Witajcie kochane ;* Czytam wasze pamiętniki, oglądam zdjęcia i nie mogę się nadziwić. Wasza determinacja jest nieziemska, też chciałabym jak wy nie jeść słodyczy, biegać cz robić po 100,200,300,1000 brzuszków. Wczoraj przegięłam, ale może i dobrze. Zjadłam bardzo dużo słodyczy ;) Mam nadzieję, że dzięki temu nie tknę ich do Wielkanocy lub maja. Często to działa i później mam spokój na 2,3,4 tygodnie. Miałam plan by robić rano, po przyjściu ze szkoły i wieczorem brzuszki. WYCHODZI, ale tylko wieczorem. W tym tyg. codziennie spr. i kiedy się tylko obudzę to książki w łapki i nauka, ale od piątku działam ! W następnym tyg. kompetencje, więc się przyłożę do ćwiczeń. Poza tym dostałam wczoraj zajebiaszczą bluzkę w prezencie od sis KOCHAM JĄ ;D Jest wykonana z takiego materiału, że zanim ją założę to muszę dostać extra płaski brzuch.
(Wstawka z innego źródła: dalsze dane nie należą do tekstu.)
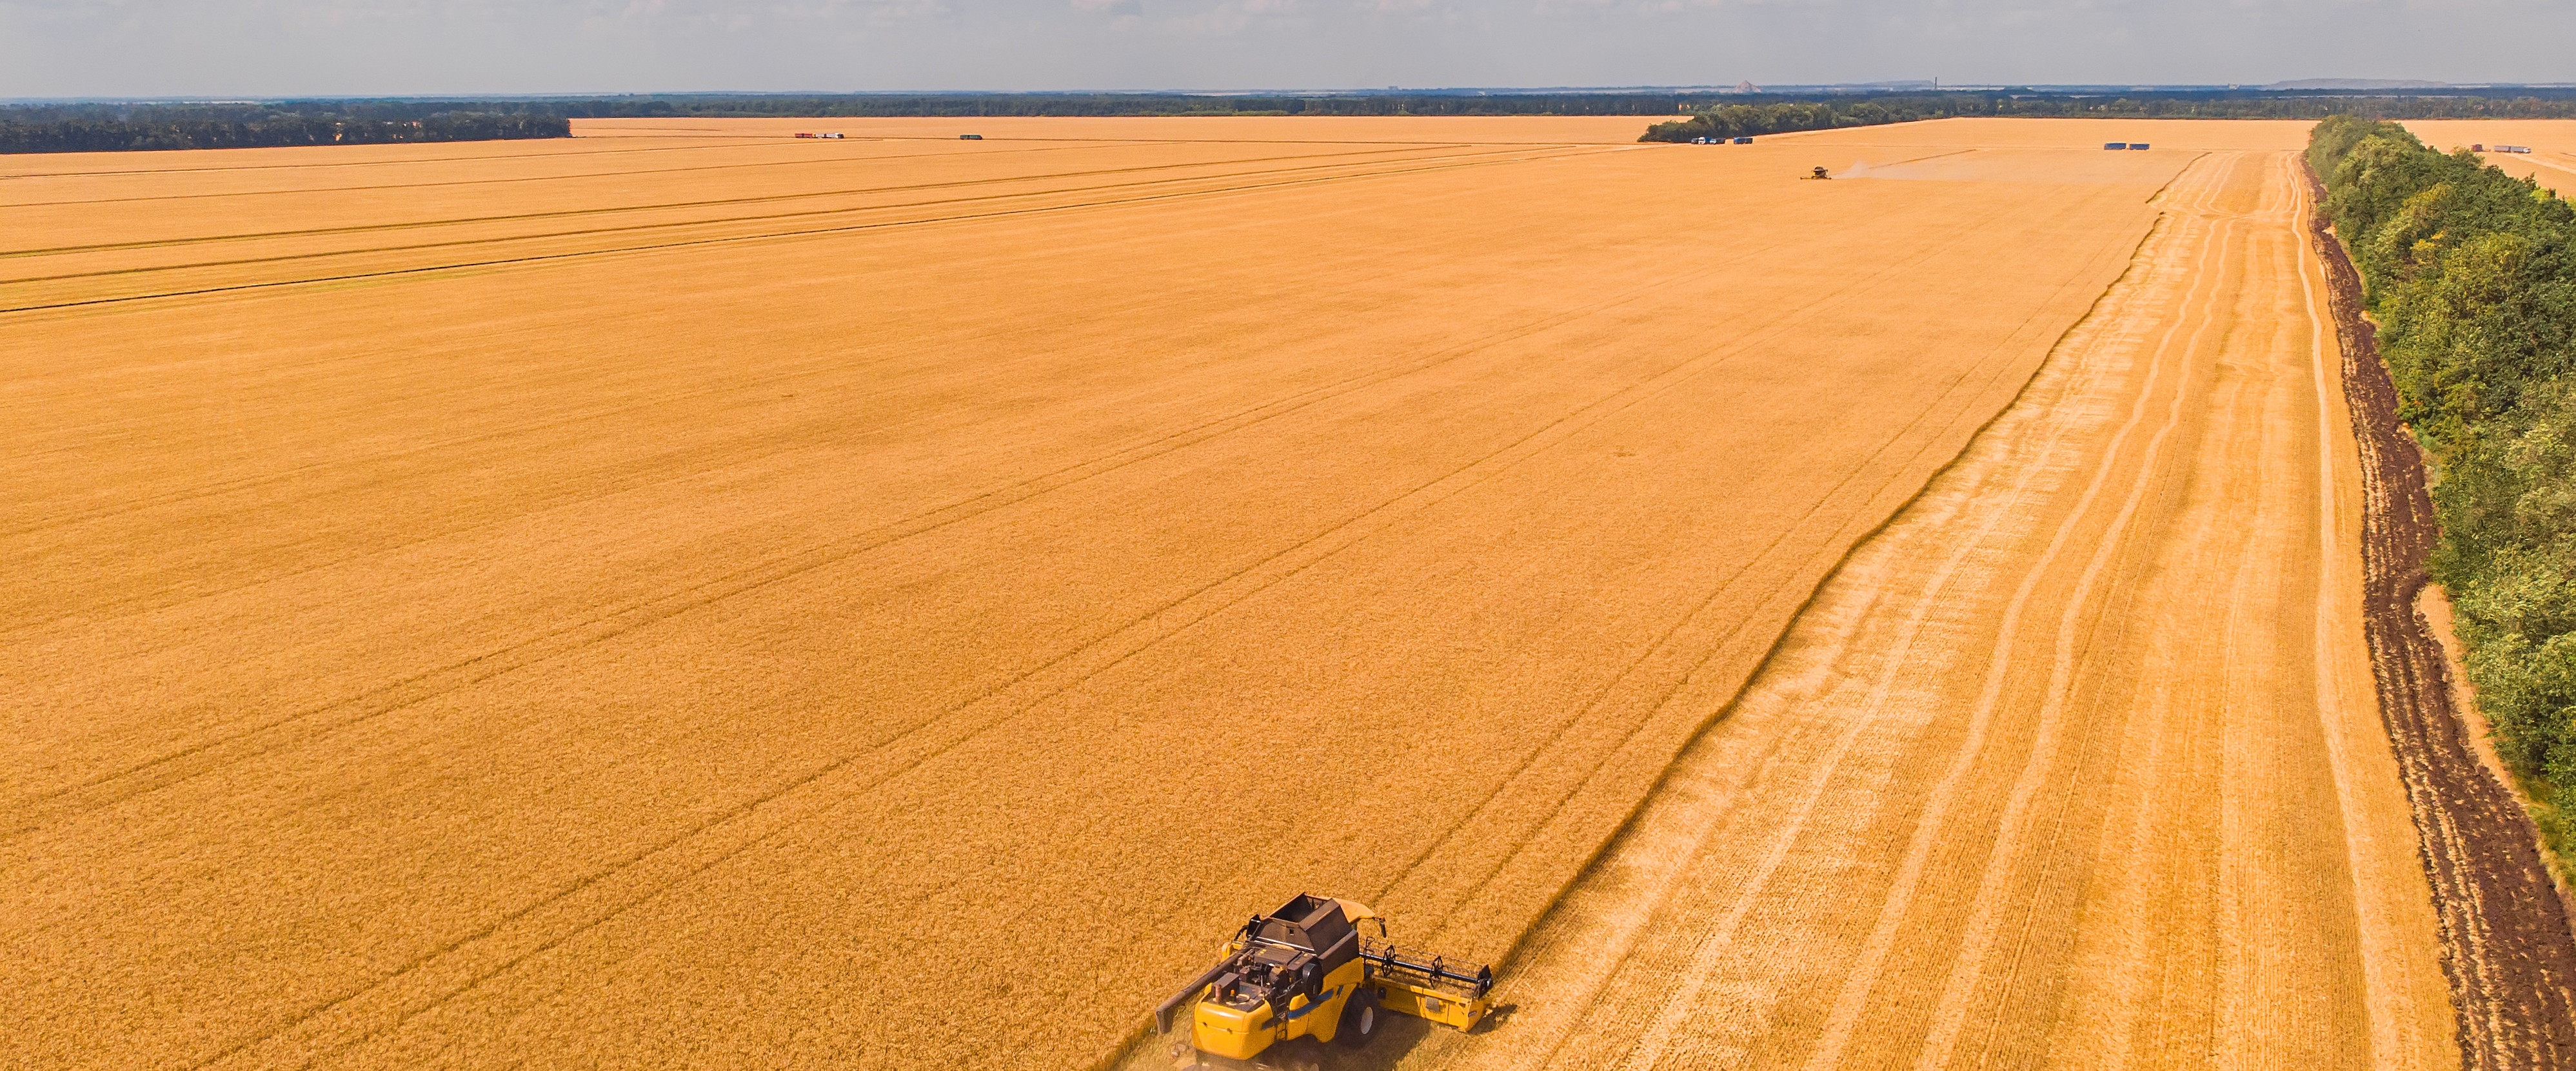 Aerial View Of Summer Harvest Combine Harvester Harvesting Large Field

Jest MOTYWACJA YEAH !!!! Wczoraj i dziś po 25 brzuszków wieczorem, cholernie odczuwam tą długą przerwę, a już się tak dobrze czułam. Ale cóż dam radę, bluzeczka czeka na mnie w szafie - muszę to dla niej zrobić POZDRAWIAM - a jak z Waszą motywacją ;> ?
Monic858
7 kwietnia 2011, 16:13dziękuję:)bluzka?Swietna motywacja:)pzdr
malgo005
6 kwietnia 2011, 17:52My także mamy mało czasu na ćwiczonka przez naukę ale motywacja wieellkkaa:)
Anaa0
6 kwietnia 2011, 17:29Nie martw się nie tylko ty się zastałaś w ćw. Ja też nie mogę się przemóc szczególnie rano gdy jestem jeszcze zaspana ;/ A ta motywacja z bluzką - niezły patent. Trzymaj się:* pozdrawiam
muminka20
6 kwietnia 2011, 16:21ale......nie poddaje sie:)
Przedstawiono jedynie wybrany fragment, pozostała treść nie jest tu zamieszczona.